The Chinese government first reported unidentified pneumonia cases in December 2019. Since then, the pandemic, known as COVID-19, has spread throughout the world. As the disease spread, people all over the world began to use social media including Twitter to voice their concerns about COVID-19. This wealth of data has enabled researchers to analyze the pandemic using Twitter data. For instance, since the beginning of the pandemic, studies have been conducted to examine the tweets of various world leaders and their messages to the public [5]. Several variants have emerged since the beginning of the COVID-19 pandemic in December 2019. Some variants have spread globally, contributing significantly to the cyclical waves of infection that occur in different regions. Among many variants, the highly infectious Delta variant of concern (VOCs) eventually displaced all other variants in most parts of the world. While Delta continued to transmit at high levels in the Northern hemisphere in October 2021, Delta waves were starting to disappear in different places of southern Africa. At the same time, Omicron, a new variant of COVID-19 emerged. Since then, and until the beginning of 2022, Omicron has dominated around the world [6]. Later on 7th January 2022, virologist Leondios announced the identification of ‘Deltacron’ which has similarities to both Delta and Omicron [7].

Analysis of Twitter data sentiment can be accomplished through twitter’s tweet extraction. Then implement some sentiment classification algorithms to all these tweets to determine whether a particular tweet conveys either a favorable, negative, or neutral feeling. The mental health of people around the world can be studied based on this analysis, whether they still feel secure or are in the excessive worry stage. The neutral and positive sentiment values indicate safe conditions, and the negative sentiment values indicate a worrying condition [8].

In this paper, we used two popular sentiment analyzers namely VADER and BERT for sentiment analysis after crawling data from Twitter using the hashtags “covid-19” and “omicron” for a 7 days tenure. At first, we made two seperate datasets for covid and omicron related tweets, preprocessed the data, and then analyzed the sentiments. Finally, supervised algorithms were used over the datasets for prediction.

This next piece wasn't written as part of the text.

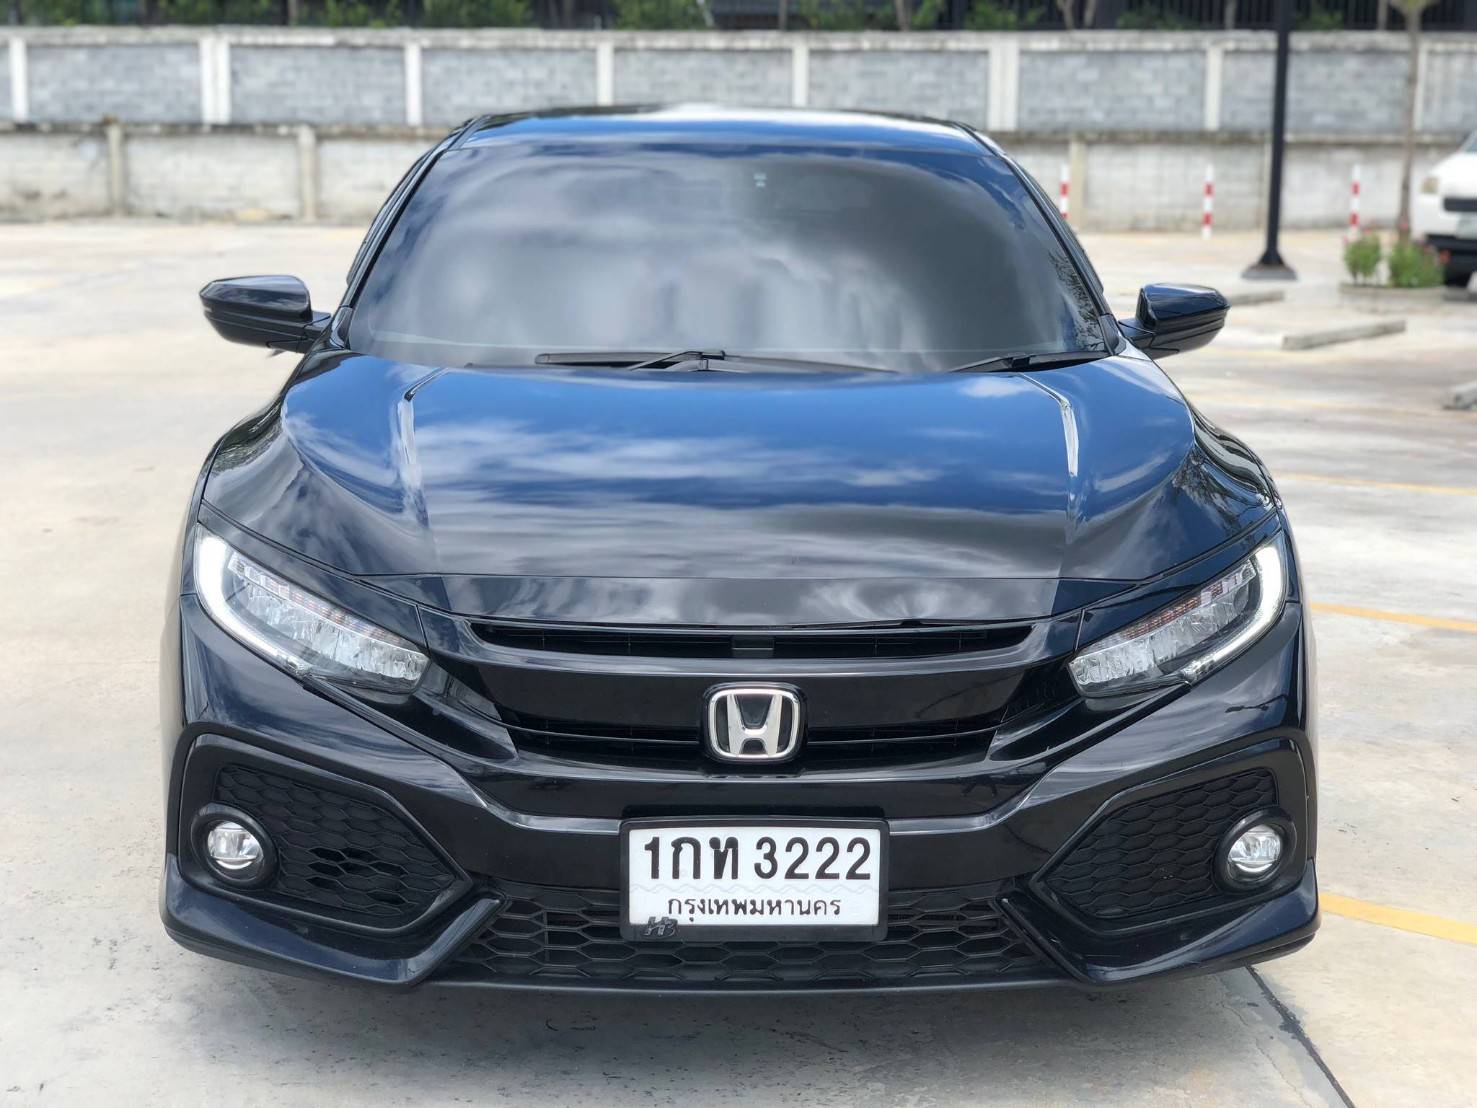 Honda Civic FC โฉม 4 ประตู ปี 2017 สีดำ

The remaining paper is organized as follows. Section 2 represents the previous works related to sentiment analysis and covid19 outbreak. Section 3 has outlined the proposed technique. Section 4 provides information about the detailed setup for the experiment and obtained results. The paper is concluded by the conclusion and future works in Sect. 5.

2 Related Work

One of the earliest works on sentiment analysis was done by Go et al. [9] where they utilized positive emoticons such as “:)” “:-)” for positive tweets and negative emoticons such as “:(” “:-(” for negative tweets. To collect sentiment data, they employed distant learning. They developed the model using Naive Bayes, MaxEnt, and Support Vector Machines (SVM) and showed that SVM outperforms others. They also combined parts-of-speech (POS) characteristics with a Unigram, Bigram model and the unigram model surpasses all others.

Shihab Elbagir et al. [10] performed tweets sentiment classification by using Valence Aware Dictionary for Sentiment Reasoner (VADER) and Natural Language Toolkit (NLTK). In their study, they proposed a multiclass classification system for analyzing tweets related to the 2016 US election. From their study, 29% of the tweets expressed positive, 22.89% expressed negative, 46.7% expressed neutral, and 1.41% expressed highly negative opinions. By modifying the VADER, to allow Bengali sentiment polarity detection, Amin et al. [11] examined Bengali sentiment analysis in their study. Based on VADER’s English polarity lexicon, they produced a Bengali version. Additionally, they changed English VADER’s features so that it can categorize Bengali text feelings without the requirement for Bengali to English translators like Google Translator or MyMemory Translator. Their study improved upon the present model’s effectiveness for Bengali text sentiment evaluation.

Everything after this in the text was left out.